Two-dimensional model

GSSHA (Gridded Surface/Subsurface Hydrologic Analysis) is a two-dimensional, physically based watershed model developed by the Engineer Research and Development Center of the United States Army Corps of Engineers. It simulates surface water and groundwater hydrology, erosion and sediment transport. The GSSHA model is used for hydraulic engineering and research, and is on the Federal Emergency Management Agency (FEMA) list of hydrologic models accepted for use in the national flood insurance program for flood hydrograph estimation. Input is best prepared by the Watershed Modeling System interface, which effectively links the model with geographic information systems (GIS).

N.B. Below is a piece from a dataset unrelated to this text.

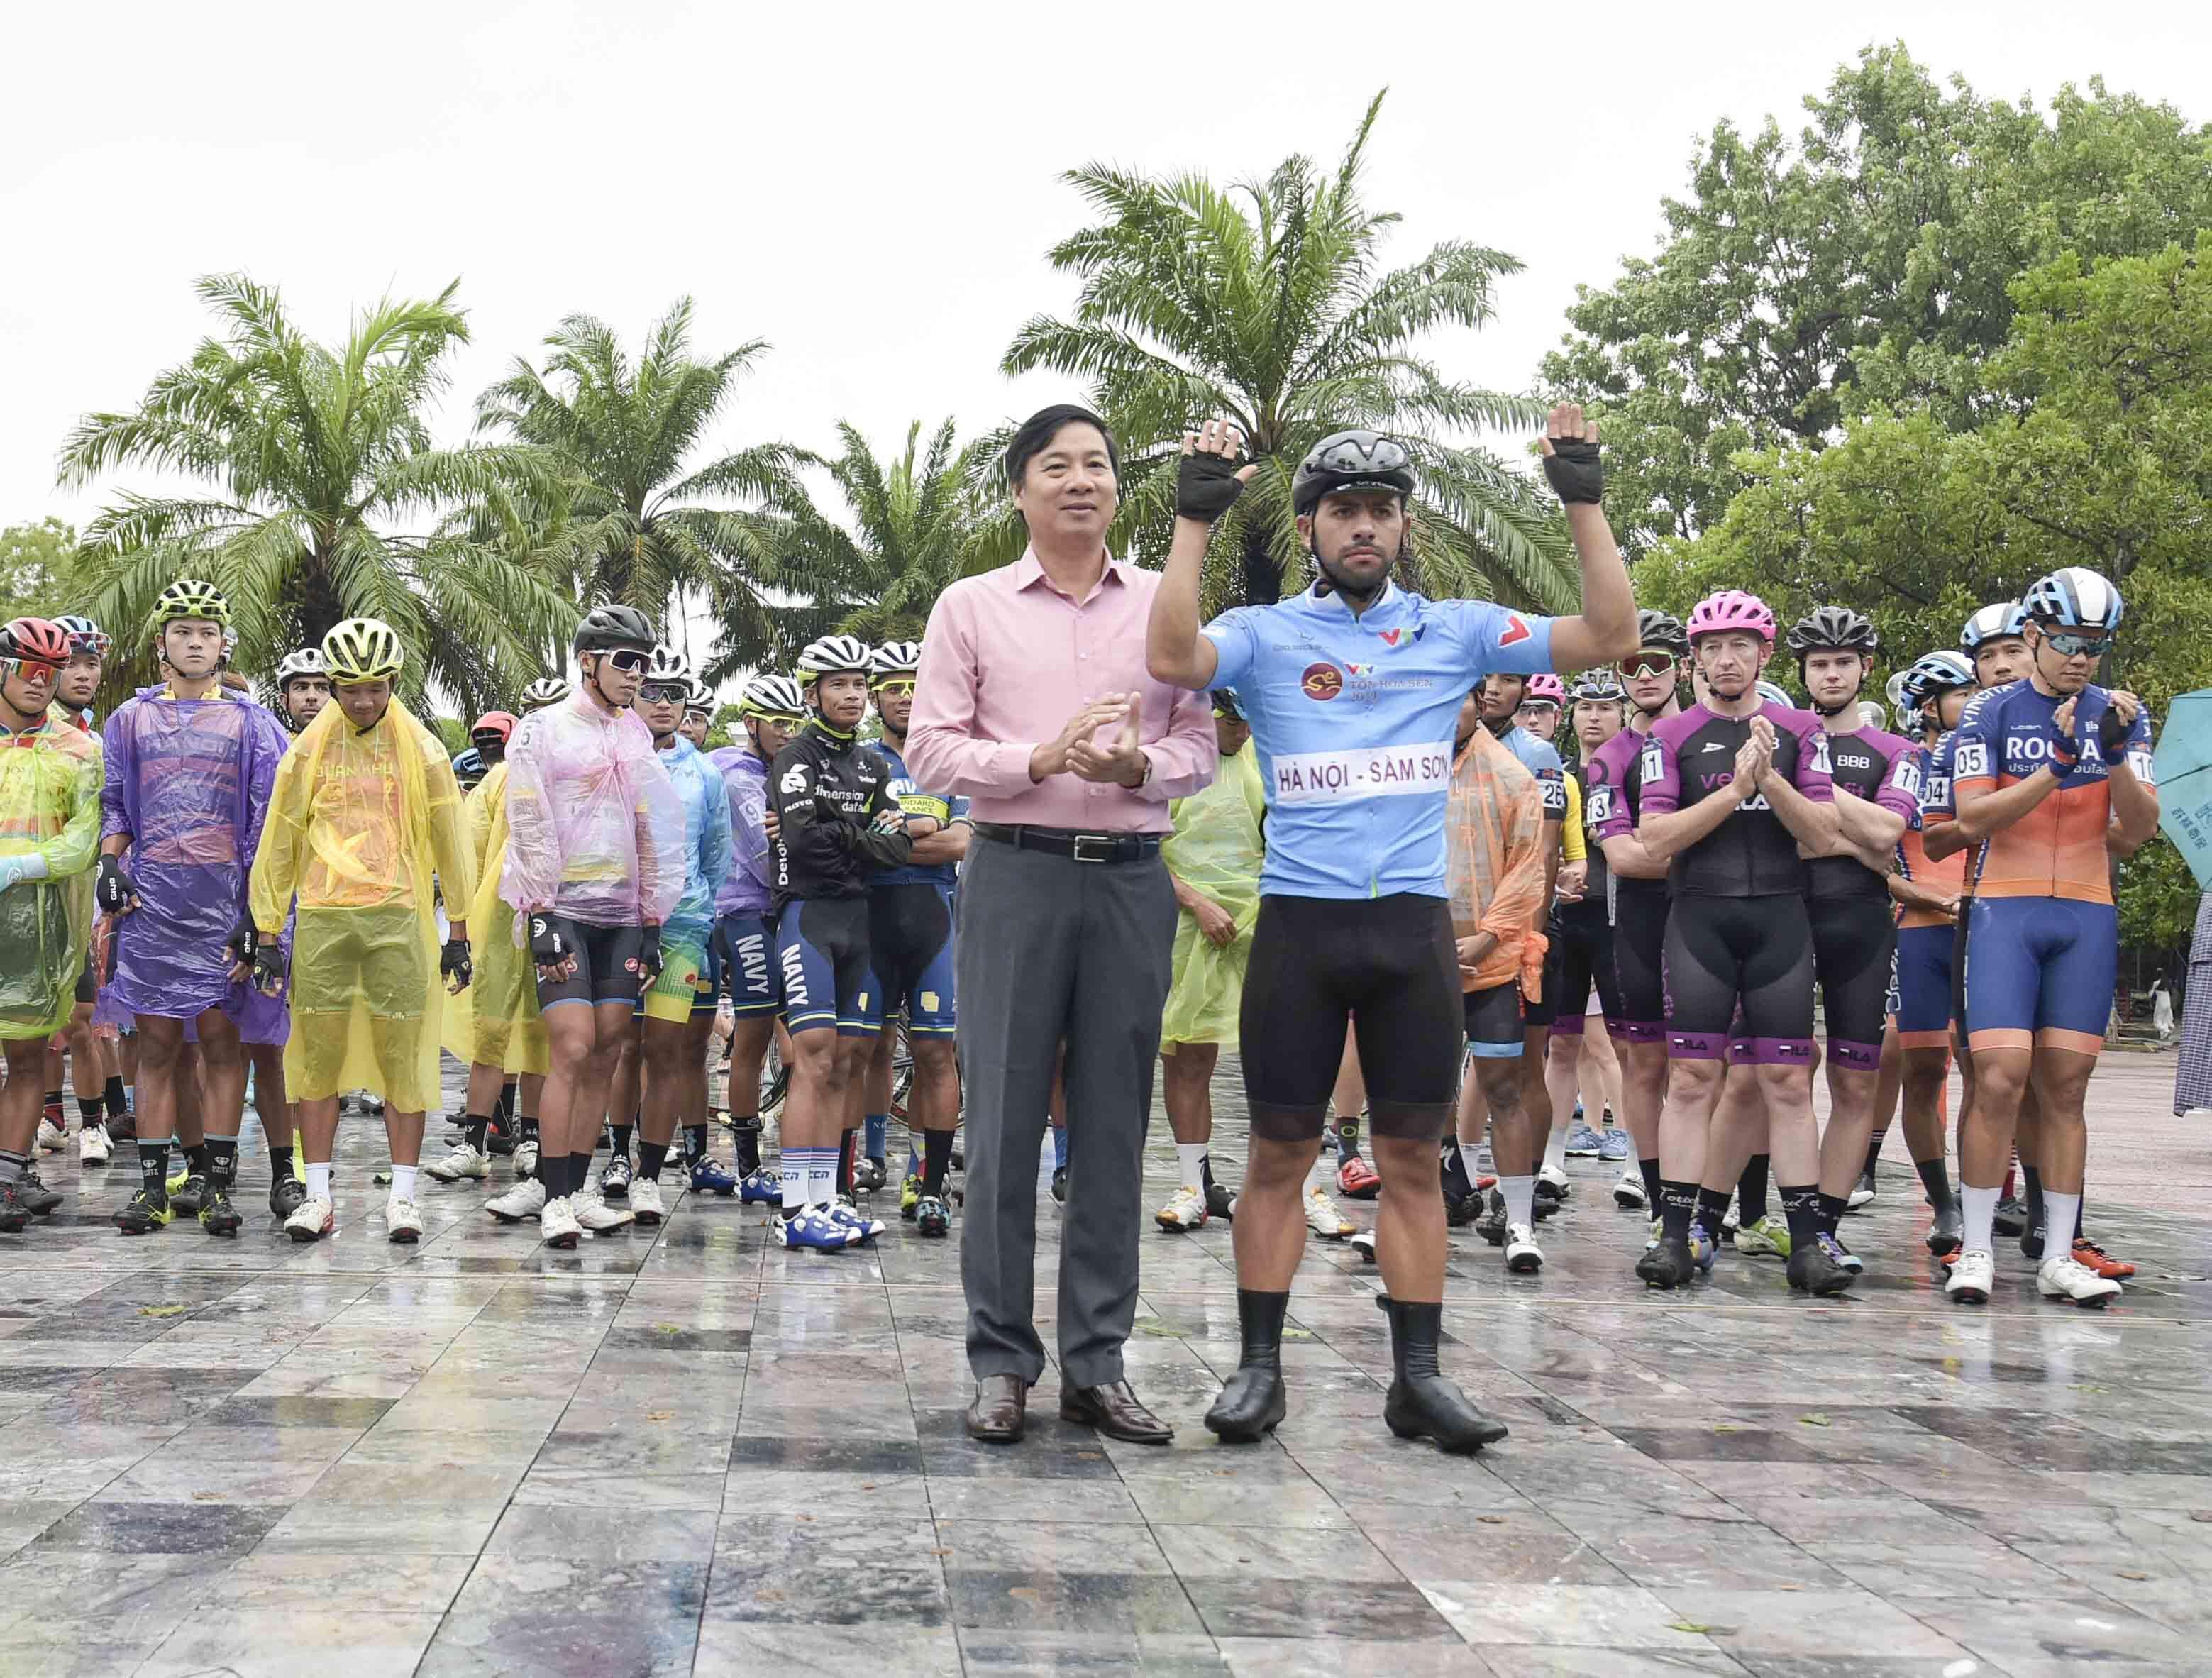 Hủy chặng đua Hà Tĩnh-Quảng Bình vì mưa lớn, đường ngập nước
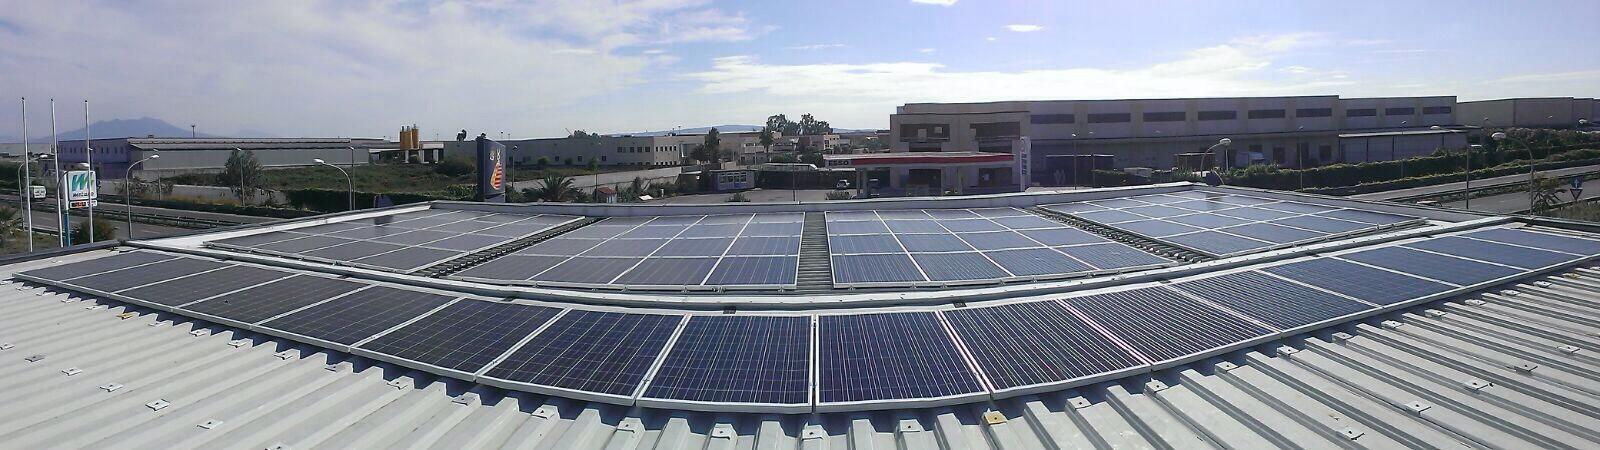 Impainto di produzione di energia elettrica da fonte rinnovabile, di potenza Kw20, a servizio della stazione Q8 di Carinaro (CE).

GSSHA uses a square-grid, constant grid-size representation of watershed topography and characteristics, similar to a digital elevation model representation. Relevant model parameters are assigned to the model grids using index maps. Index maps are often derived from soils, landuse/land cover, vegetation, or other physiographic maps.

==History==

The GSSHA model was derived from the CASC2D hydrologic model. GSSHA represents a significant improvement on CASC2D in terms of capabilities, options, and numerical procedures. GSSHA includes dynamic time-stepping depending on stability criteria, different time steps for different numerical processes, and the ability to run on multi-processor computers. Processes included in GSSHA include surface and ground water flow, channel hydraulics, evapotranspiration, erosion and sedimentation, storm drainage networks, tile drains, a variety of hydraulic structures, and contaminant/nutrient fate and transport.

==Formulation==

GSSHA uses a regular square grid computational discretization of the watershed. Elevation data are taken from a digital elevation model.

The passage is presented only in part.